Festival Exhibition
2026
Our Festival 2026 Exhibition features artists from across the United Kingdom, delivering Jewellery, Ceramic and Metal sculptures and mixed metal boxes.
Contact us directly if you would like to find out more about our artists featured below or purchase one of their pieces.
Cornelius van Dop
Cornelius’s detailed copper, silver and gilded jewellery boxes and brooches are inspired by wild creatures, natural forms and childhood memories of landscapes, skies and moonlight.
His beautiful boxes using different metals - silver, gold, nickel, copper, bronze etc. Pieces are cut-out, soldered, hand-fabricated, textured, assembled and polished.
Cornelius's work is influenced by life's experiences and the surrounding countryside and is influenced by Japanese metal work. The scenes and landscapes he creates in metal include incredible detail, and humour.
Sue Hanna
Sue creates hand-built ceramic vessels, sculptures, and wall pieces, from intimate handheld forms to larger works. After completing a Foundation course in Cardiff she went on to study sculpture at St Martins School of Art in London.
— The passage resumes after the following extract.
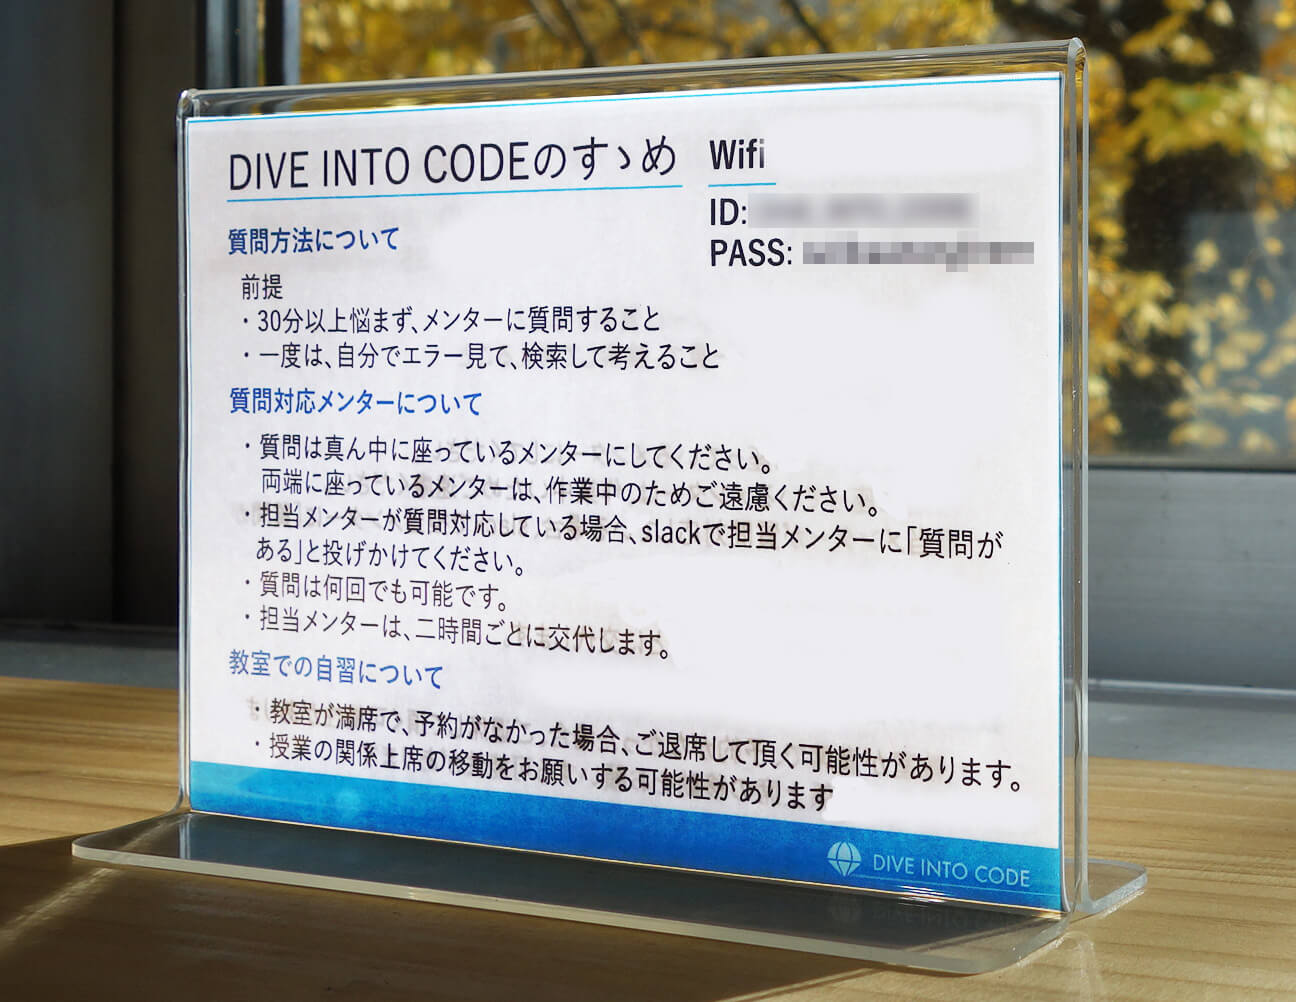 「DIVE INTO CODE 質問」の画像検索結果

Sue’s work is deeply inspired by tribal art and African textiles, and the surfaces carry rich textures and rhythmic patterns drawn from textiles she has encountered and collected during her travels, often using slips made from wild clays gathered in West Wales. After an initial electric kiln firing, Sue’s pieces undergo saggar or raku firings, giving them atmospheric depth.
Rachel Higgins
Rachel makes animal sculptures in non ferrous metal.
Rachel studied Fine Art at Nottingham Trent University, where she learnt metalwork skills in the sculpture department. Rachel was influenced by Alexander Calder's 'Circus' made from found materials, Muybridge photos of movement and The Cabaret Mechanical Theatre.
She grew up on a Warwickshire farm, and the farm animals and wildlife influenced the wire, perforated and sheet metal animal sculptures she created.
Sue is still influenced by the wildlife that surrounds her in Warwickshire, along with other wildlife encountered on trips and wildlife in the media
Julia
Mathias
Julia is an independent jewellery designer working with silver, mixed metals and precious stones. Each piece she makes is hand made and unique and Julia takes a lot of inspiration from the colour and form of the stones and from the tactile qualities of jewellery from ancient civilisations. She enjoys exploring the relationship between gemstones in their more natural forms and the unyielding nature of metal – both being formed with immense heat and pressure.
Julia gained a degree in jewellery design at Middlesex University in her twenties but living and working in London took her in other career directions. In the last few years she has returned to her creative roots to invest her time and energy in what she truly loves- art and design.
Ed
Willis
Edward has no formal training in art; he has a degree in philosophy. He began making simple mobiles as nursery decorations for his children, becoming interested in the more elaborate sculptural possibilities of the form after seeing the work of Alexander Calder. He also takes inspiration from artists such as Barbara Hepworth, Brancusi and Naum Gabo. Although his work is largely abstract, it often relates to animal and plant forms and the sculptures might be seen as “suspended animations”, lying at rest, waiting for a passing breeze to breathe life into them.
In his kinetic sculptures, Edward explores ideas of fragility and strength as well as opposition and resolution. The pieces have a sense of harmony and tranquillity, and are intended to be enjoyed as elegant, striking forms and also as objects for contemplation and reflection. In a way that echoes both large institutions and individual personalities, each sculpture might outwardly appear to be in a state of stability, but actually relies for its existence on the continual internal tensions resulting from the pull of each part against every other, so that the whole piece is comprised of elements in a kind of “dynamic equilibrium”.